» **Problem to solve**:
Omit every picture, then return each line of the data below exactly.

*** Opening Collected material ***

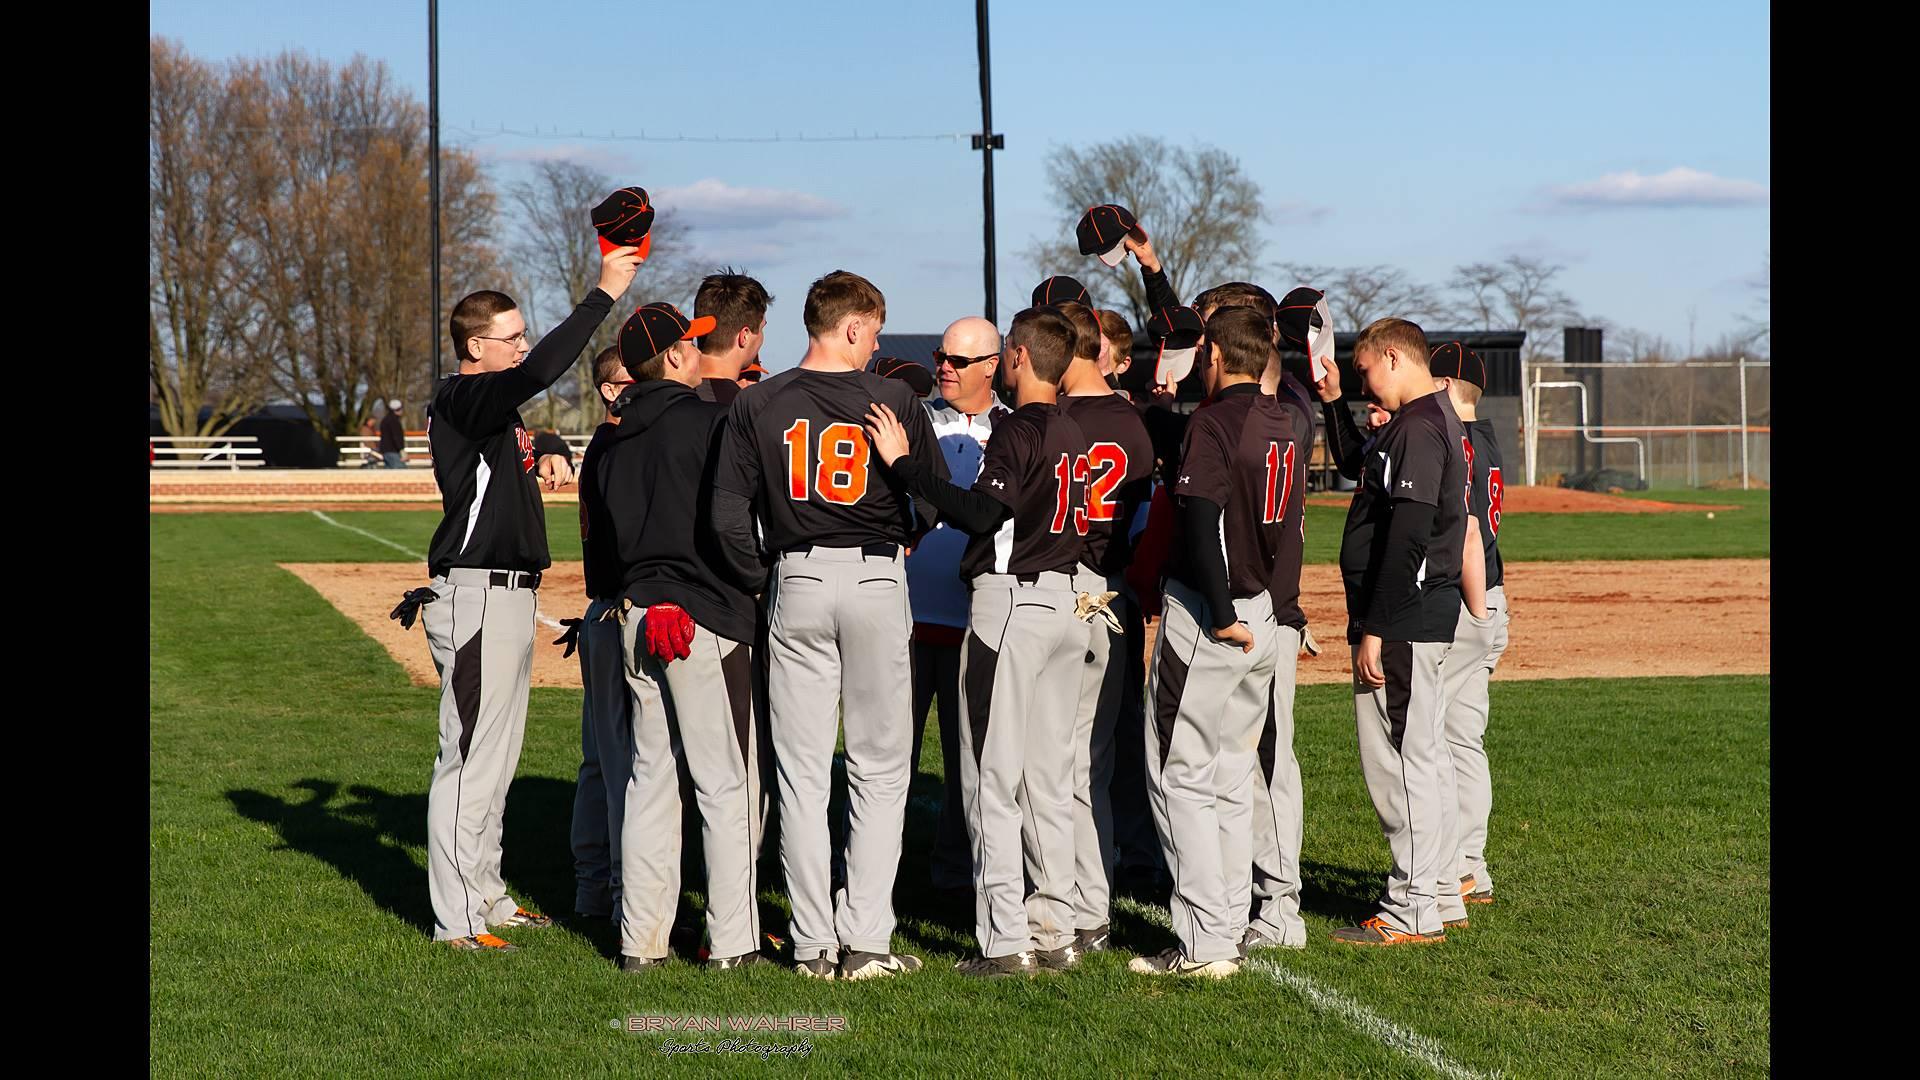 Baseball team group huddle with coach
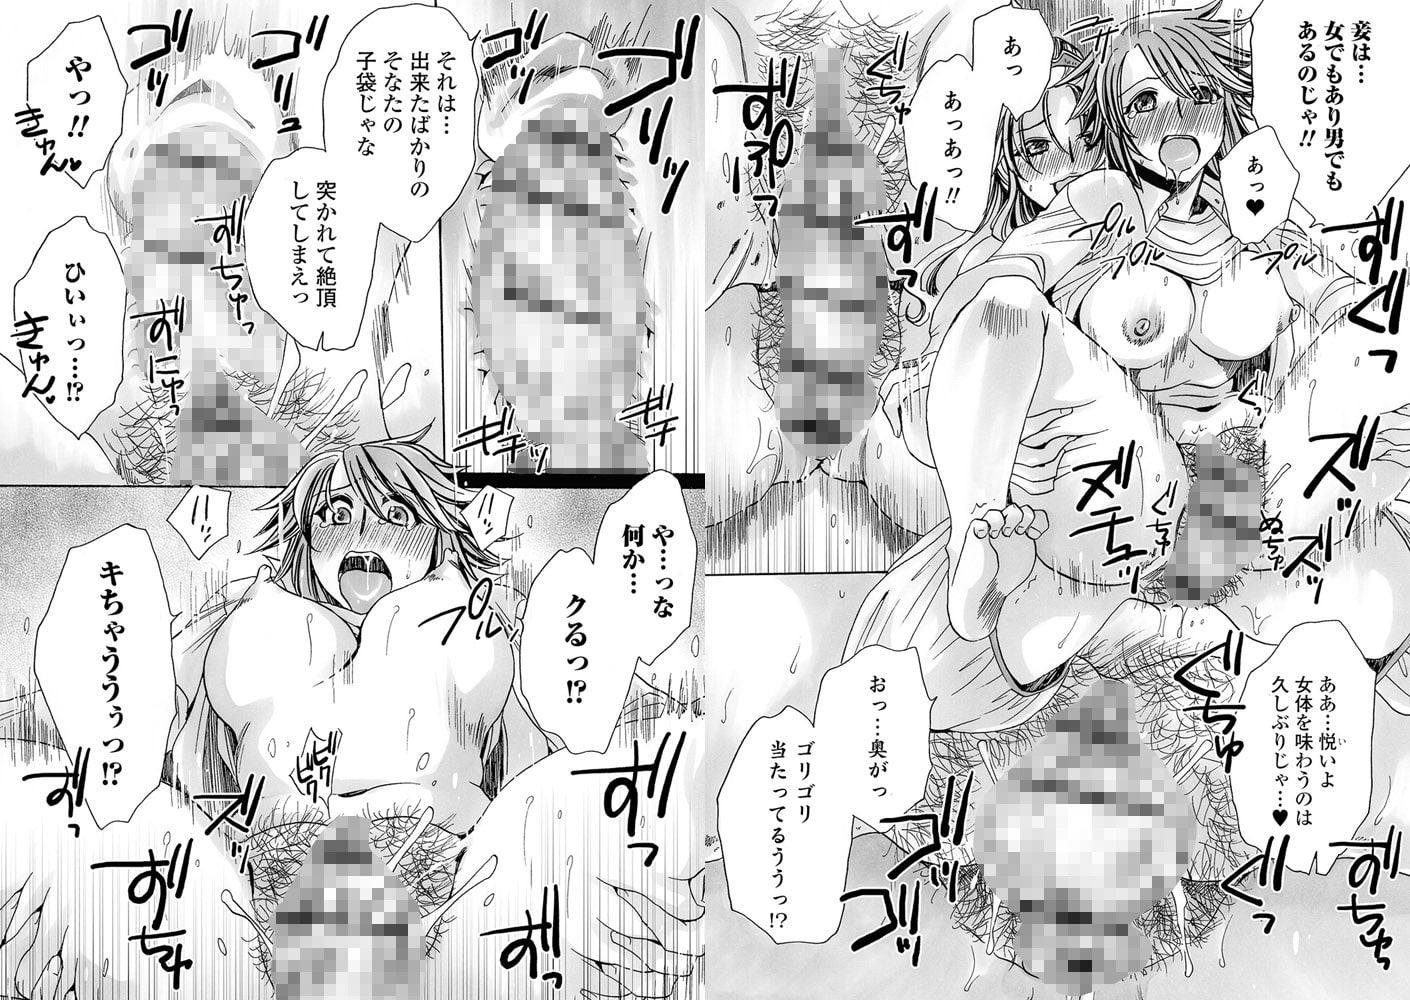 WEB版メスイキ!!にょたいか遊戯 Vol.03
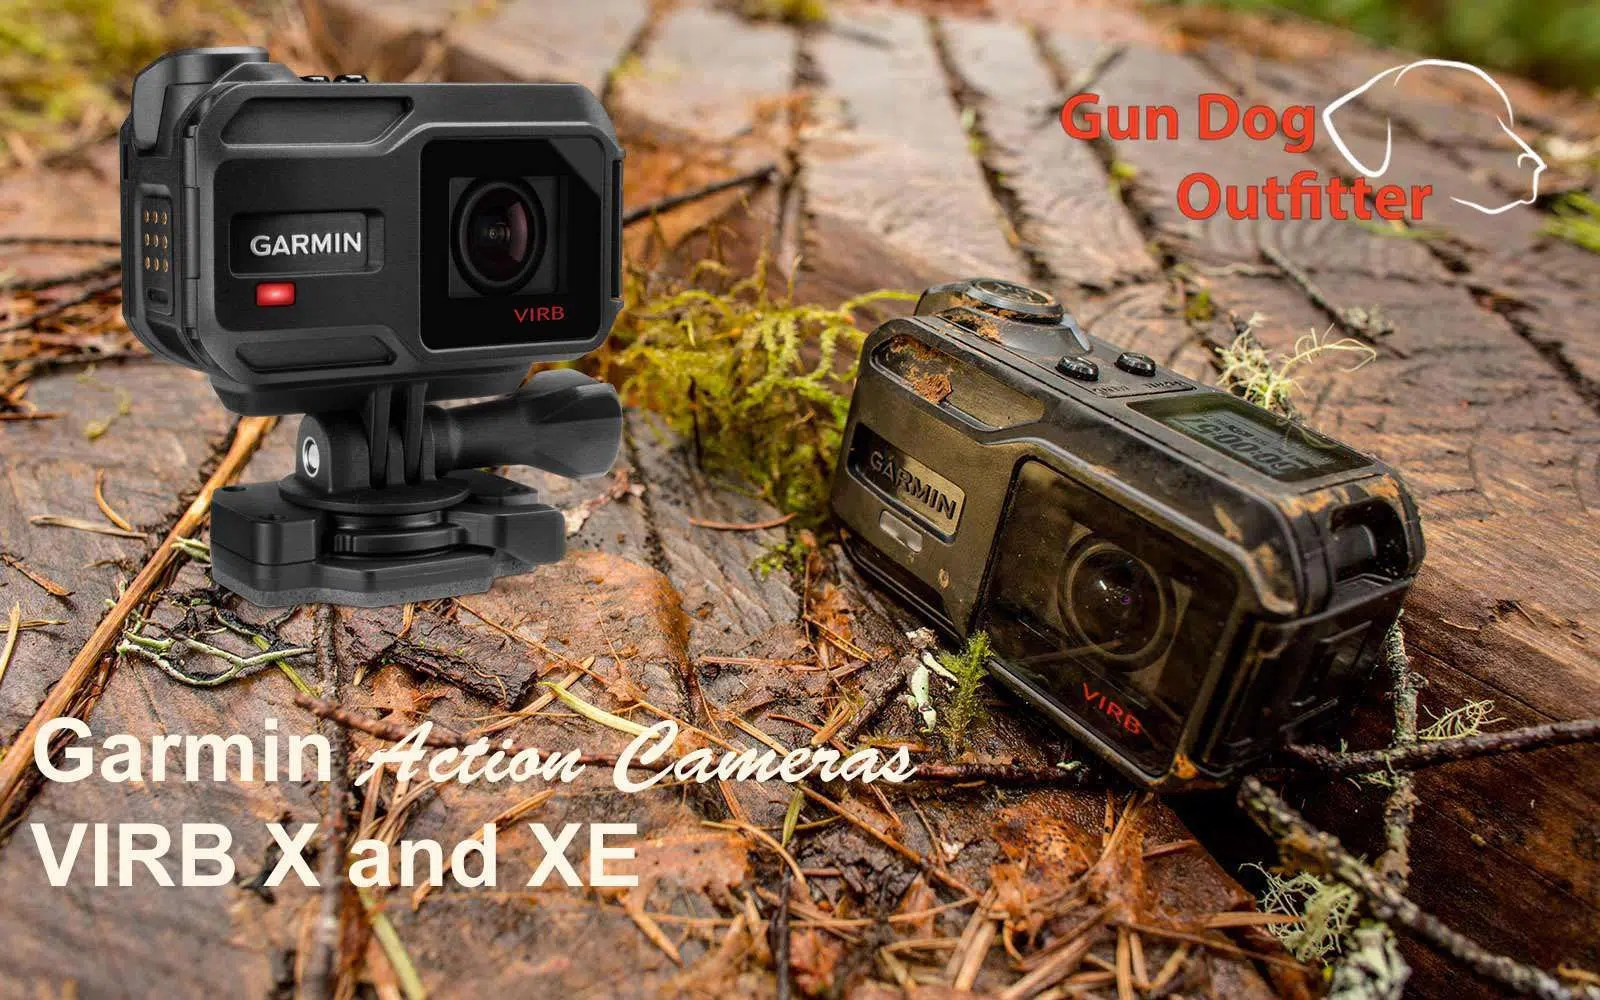 Garmin VIRB Action Cameras

*** Closing Collected material ***

» **Solution**:
 Baseball team group huddle with coach
 WEB版メスイキ!!にょたいか遊戯 Vol.03
 Garmin VIRB Action Cameras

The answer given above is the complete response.